我仍然收到错误消息,指出我无法对架构进行操作,并且我不确定还需要添加什么。有人拥有运行 write_pandas 命令所需的权限列表吗?
write_pandas()
不会自动创建表格。如果事先不存在该表,则需要自行创建该表。每次运行 write_pandas()
时,它只会将数据帧附加到您指定的表中。
另一方面,如果您使用
df.to_sql(..., method=pd_writer)
将 pandas 数据帧写入雪花,它会自动为您创建表,并且您可以在 if_exists
中使用 to_sql()
来指定不同的行为 - 追加、替换或失败- 如果表已经存在。
我有一个相当不优雅的解决方案,可以完成表创建和附加的工作,所有这些都无需离开我的 Jupyter。
我将此代码保存在我的 sql 实用程序文件中。 get_col_types 函数将创建创建表所需的列名称和数据类型的字典。
def get_col_types(df):
'''
Helper function to create/modify Snowflake tables; gets the column and dtype pair for each item in the dataframe
args:
df: dataframe to evaluate
'''
import numpy as np
# get dtypes and convert to df
ct = df.dtypes.reset_index().rename(columns={0:'col'})
ct = ct.apply(lambda x: x.astype(str).str.upper()) # case matching as snowflake needs it in uppers
# only considers objects at this point
# only considers objects and ints at this point
ct['col'] = np.where(ct['col']=='OBJECT', 'VARCHAR', ct['col'])
ct['col'] = np.where(ct['col'].str.contains('DATE'), 'DATETIME', ct['col'])
ct['col'] = np.where(ct['col'].str.contains('INT'), 'NUMERIC', ct['col'])
ct['col'] = np.where(ct['col'].str.contains('FLOAT'), 'FLOAT', ct['col'])
# get the column dtype pair
l = []
for index, row in ct.iterrows():
l.append(row['index'] + ' ' + row['col'])
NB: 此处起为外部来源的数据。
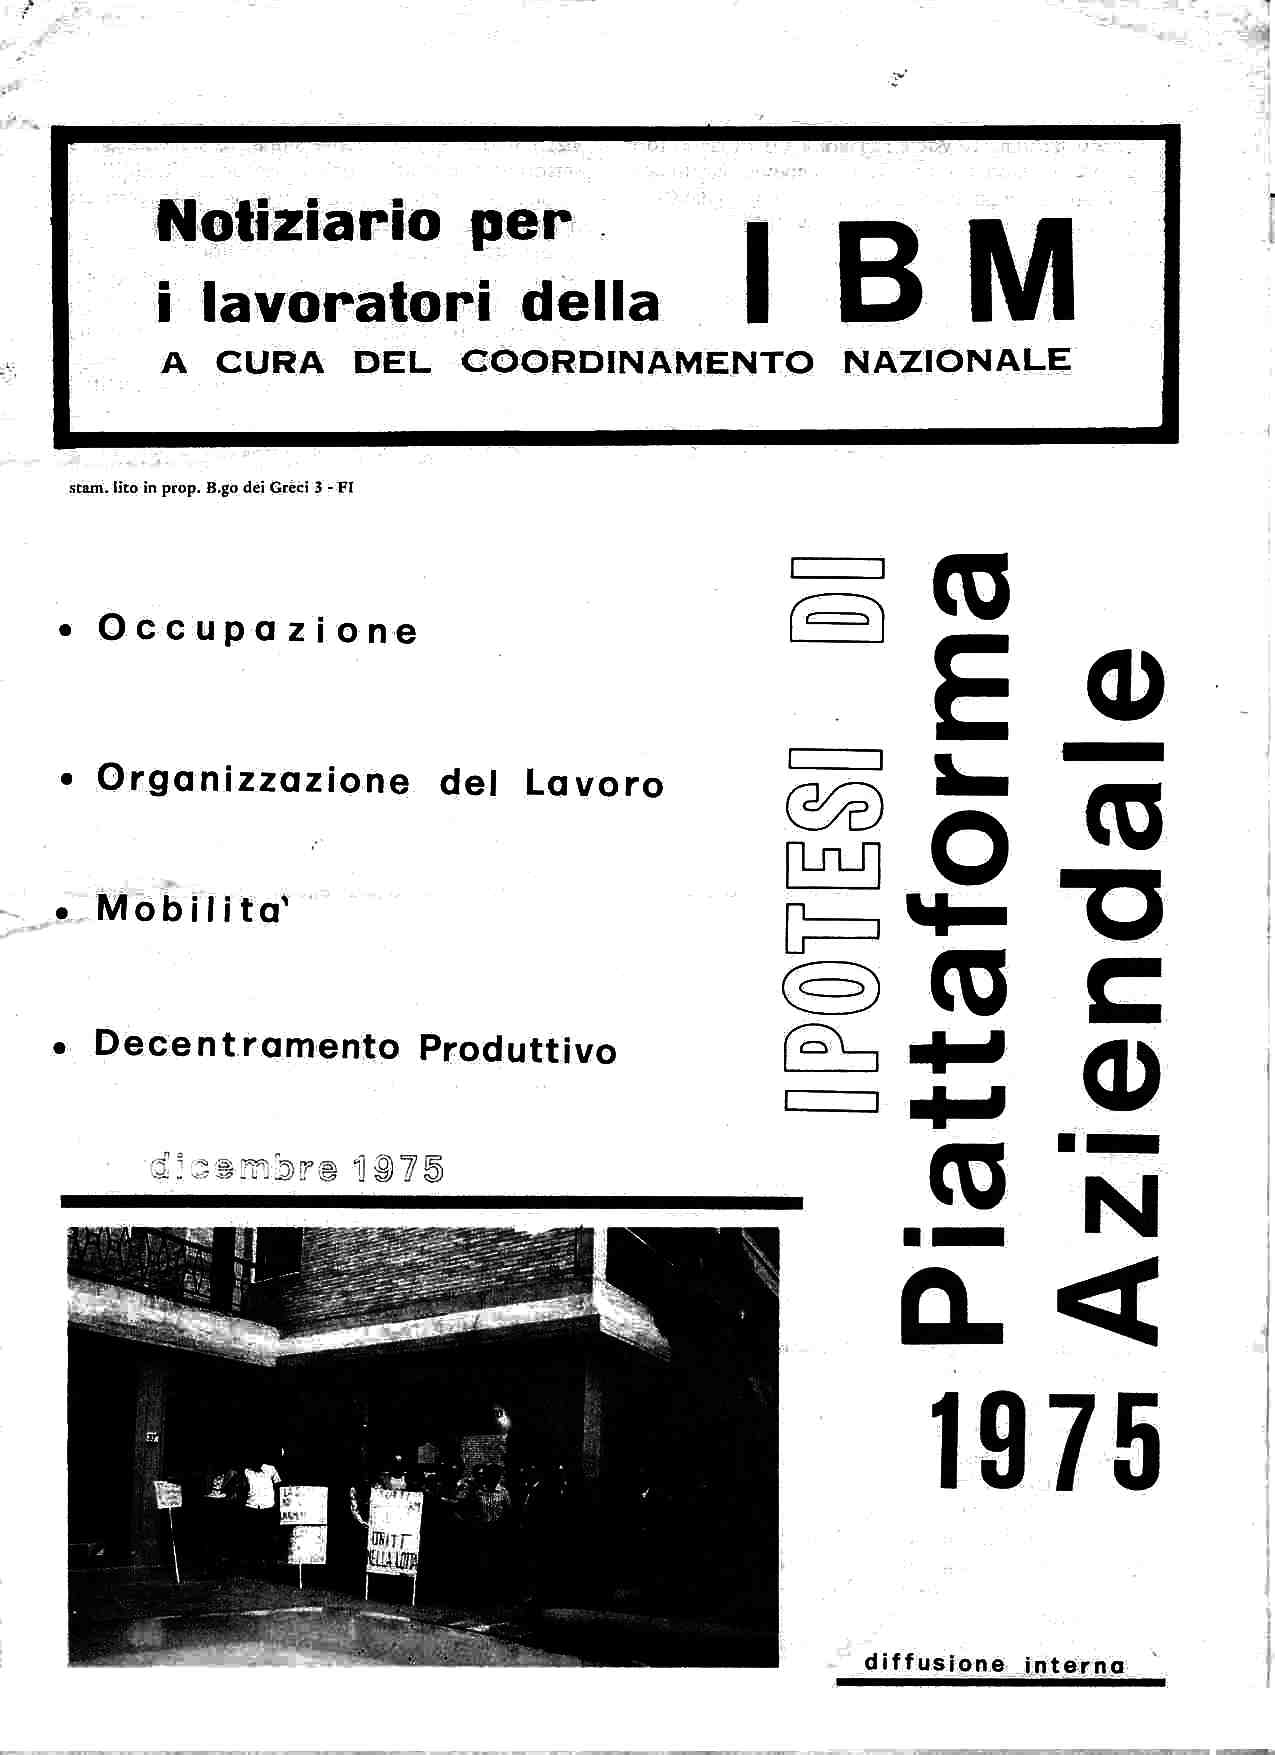 Notiziario per i lavoratori della IBM - 01

string = ', '.join(l) # convert from list to a string object
string = string.strip()
return string
def create_table(table, action, col_type, df):
'''
Function to create/replace and append to tables in Snowflake
args:
table: name of the table to create/modify
action: whether do the initial create/replace or appending; key to control logic
col_type: string with column name associated dtype, each pair separated by a comma; comes from get_col_types() func
df: dataframe to load
dependencies: function get_col_types(); helper function to get the col and dtypes to create a table
'''
import pandas as pd
import snowflake.connector as snow
from snowflake.connector.pandas_tools import write_pandas
from snowflake.connector.pandas_tools import pd_writer
database=database
warehouse=warehouse
schema=schema
# set up connection
conn = snow.connect(
account = ACCOUNT,
user = USER,
password = PW,
warehouse = warehouse,
database = database,
schema = schema,
role = ROLE)
# set up cursor
cur = conn.cursor()
if action=='create_replace':
# set up execute
cur.execute(
""" CREATE OR REPLACE TABLE
""" + table +"""(""" + col_type + """)""")
#prep to ensure proper case
df.columns = [col.upper() for col in df.columns]
# write df to table
write_pandas(conn, df, table.upper())
elif action=='append':
# convert to a string list of tuples
df = str(list(df.itertuples(index=False, name=None)))
# get rid of the list elements so it is a string tuple list
df = df.replace('[','').replace(']','')
# set up execute
cur.execute(
""" INSERT INTO """ + table + """
VALUES """ + df + """
""")
工作示例:
# create df
l1 = ['cats','dogs','frogs']
l2 = [10, 20, 30]
df = pd.DataFrame(zip(l1,l2), columns=['type','age'])
col_type = get_col_types(df)
create_table('table_test', 'create_replace', col_type, df)
# now that the table is created, append to it
l1 = ['cow','cricket']
l2 = [45, 20]
df2 = pd.DataFrame(zip(l1,l2), columns=['type','age'])
append_table('table_test', 'append', None, df2)
本着 StackOverflow 的社区精神,我对 @Cory Randolph 发布的答案进行了一些更改/清理。
import snowflake.connector
from snowflake.connector.pandas_tools import write_pandas
conn = snowflake.connector.connect(
user=USER,
password=PASSWORD,
account=ACCOUNT,
database=DATABASE,
role=ROLE,
warehouse=WAREHOUSE,
schema=ML)
def get_table_metadata(df):
def map_dtypes(x):
if (x == 'object') or (x=='category'):
return 'VARCHAR'
elif 'date' in x:
return 'DATETIME'
elif 'int' in x:
return 'NUMERIC'
elif 'float' in x: return 'FLOAT'
else:
print("cannot parse pandas dtype")
sf_dtypes = [map_dtypes(str(s)) for s in df.dtypes]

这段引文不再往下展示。